Em 25 de dezembro de 1991, um exausto Mikhail Gorbatchov foi à televisão e dirigiu-se pela última vez a seus compatriotas soviéticos para anunciar que o império comunista centrado em Moscou havia cessado de existir.
A União das Repúblicas Socialistas Soviéticas já não era o que seu nome dizia havia meses, mas o momento entre o solene e o patético permitiu marcar com rara precisão um fato histórico ímpar.
A academia ainda disseca as sete décadas de um experimento social inédito, que fez a ponte entre um Estado feudal e uma superpotência nuclear, vitoriosa numa guerra mundial e líder em campos como a conquista do espaço.
O mesmo colosso impôs uma brutal anulação da liberdade individual, gerando fome e violências indescritíveis a seus cidadãos e àqueles de países sob a influência da adequadamente chamada Cortina de Ferro na Europa.

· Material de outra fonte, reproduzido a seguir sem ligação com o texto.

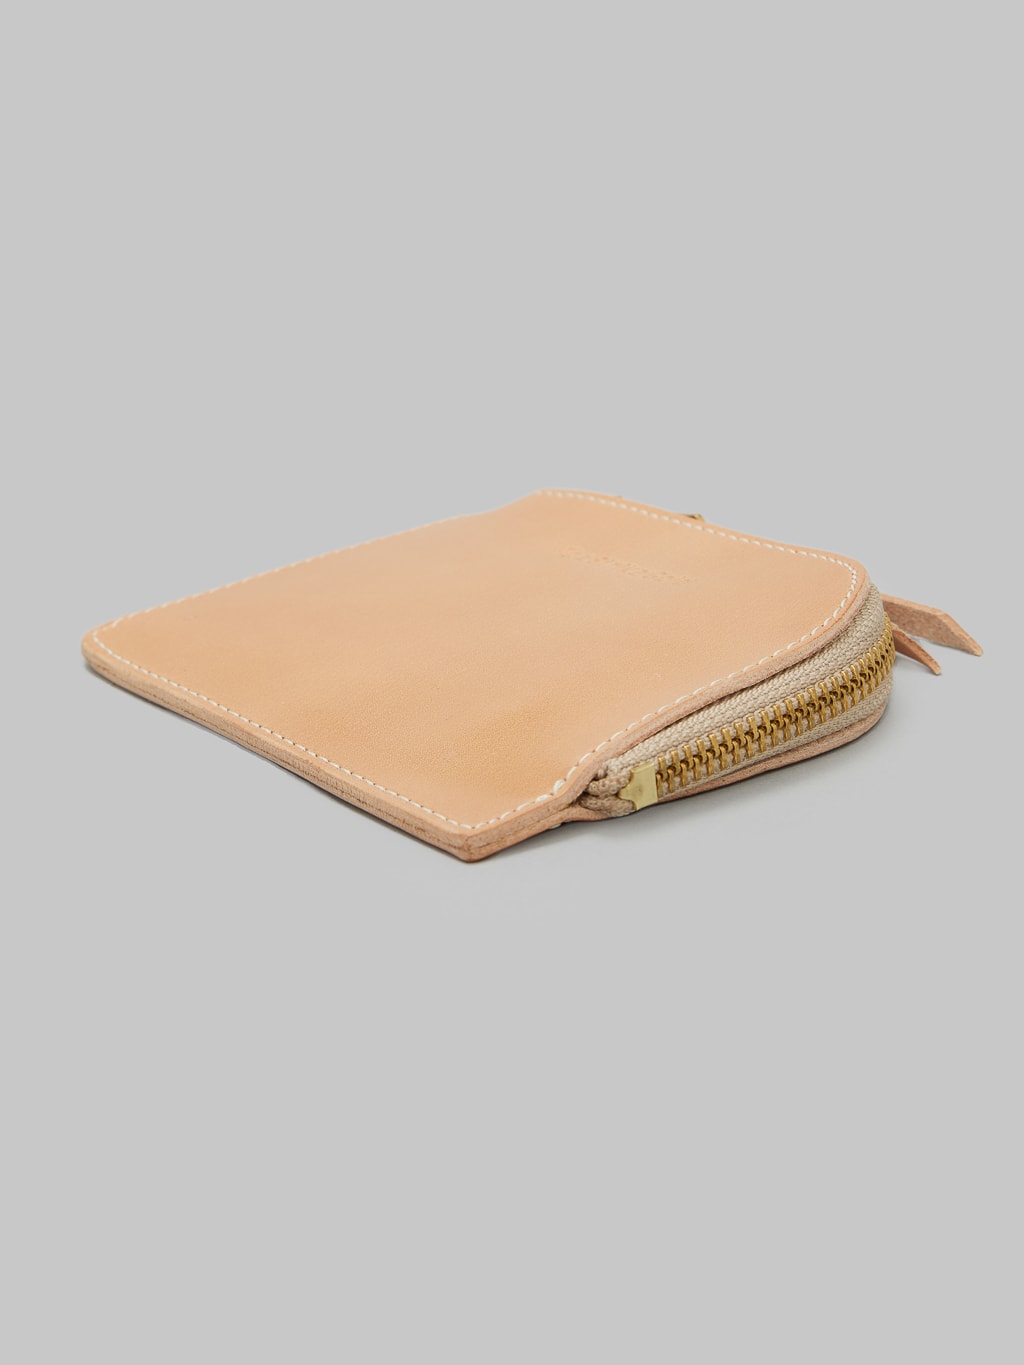 The Strike Gold Leather Zip Wallet Natural side detail

A implosão do sistema comunista, antes de tudo por suas contradições intrínsecas, liberou uma onda de otimismo nos anos 1990, com apressados falando até no fim da história e na vitória definitiva da democracia liberal como modelo de organização da humanidade.
Que o dito socialismo real não fosse melhor alternativa, isso era claro. Entretanto poucos poderiam dizer que, 30 anos depois daquele dezembro, autoritarismos estariam em alta e os impactos do fim da União Soviética ainda ditariam rumos da política internacional.
Se hoje há um risco real, ainda que reduzido, de a Rússia invadir a Ucrânia e entrar em choque com o Ocidente, é porque o Kremlin viu suas fronteiras encolherem e a Otan avançar suas tropas rumo às proximidades de seu território.
Parece inaceitável na prática para governos a oeste da Rússia, mas é a realidade para um país que sofreu quatro grandes invasões desde o século 18. Profundidade estratégica, o conceito de se defender com aliados ou ao menos vizinhos neutros, é central a Moscou.
Na psique política, o fantasma do comunismo segue rondando cabeças fantasiosas, do interior americano à campanha eleitoral deste ano no Chile, passando pelas redes sociais bolsonaristas.
Mais importante, a debacle de 1991 guia comportamentos no gigante comunista do mundo moderno, a China. Por óbvio, é incomparável a dinâmica de Pequim e da antiga Moscou. Isso dito, o Partido Comunista Chinês aprendeu as lições do fracasso da URSS.
Capitalizou ao máximo suas potencialidades econômicas e entrou em simbiose com o mercado mundial, mantendo ao mesmo tempo um totalitarismo que só tem crescido, fugindo da "glasnost" que ao fim selou o destino soviético.
O quão de barro se mostrarão os pés da fórmula que ora dá esperança aos esquerdistas nostálgicos, apenas o tempo, a exemplo do caso da União Soviética, dirá.